A Blockchain Approach to Identifying Compromised Nodes in Collaborative Intrusion Detection Systems

• Published in: 2020 IEEE Intl Conf on Dependable, Autonomic and Secure Computing, Intl Conf on Pervasive Intelligence and Computing, Intl Conf on Cloud and Big Data Computing, Intl Conf on Cyber Science and Technology Congress (DASC/PiCom/CBDCom/CyberSciTech) pp. 87 - 93
• Main Authors: Yenugunti, Chandralekha, Yau, Stephen S.
• Format: Conference Proceeding
• Language: English
• Published: IEEE 01.08.2020
• Subjects: collaborative intrusion detection systems; insider attacks; private blockchain; trust score
• DOI: 10.1109/DASC-PICom-CBDCom-CyberSciTech49142.2020.00029

Large organizations have multiple networks that are subject to attacks which can be detected by Intrusion Detection Systems. Collaborative Intrusion Detection Systems (CIDS) are used for efficient detection of distributed attacks in large networks by having a global view of the attacks in the networks. However, CIDS are vulnerable to various attacks, which compromise some of the nodes of CIDS. The major challenge caused by these attacks on CIDS is due to insider attacks.
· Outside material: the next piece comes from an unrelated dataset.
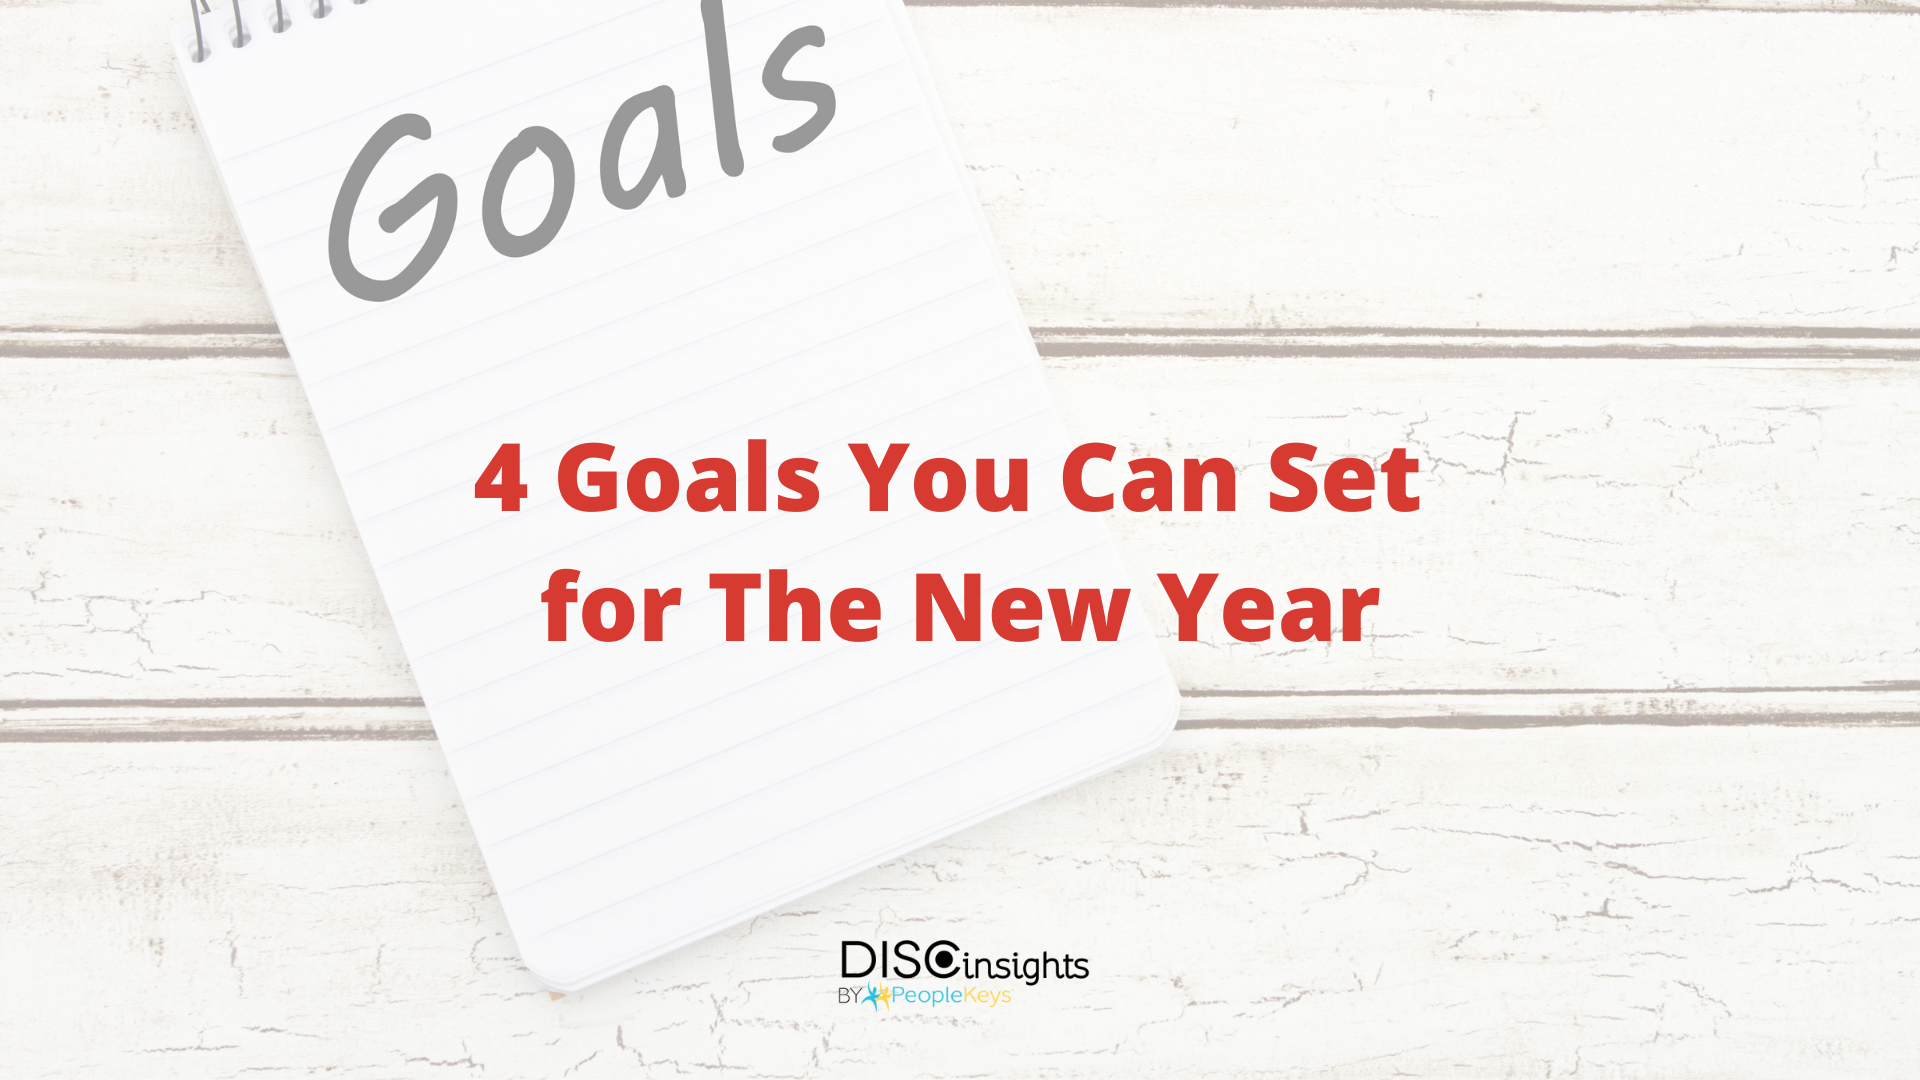 4 Goals You Can Set for The New Year

These insider attacks decrease the mutual trust among the nodes in CIDS, which is required for sharing critical and sensitive alert data. The compromised nodes will further decrease the accuracy of CIDS by generating false positives and false negatives of the traffic classifications. In this paper, an approach based on trust score system is presented to identify and suspend the compromised nodes in CIDS to improve the trust among the nodes for collaboration. This approach is implemented on a private blockchain because private blockchain provides the features to satisfy the accountability, integrity and privacy requirements of CIDS.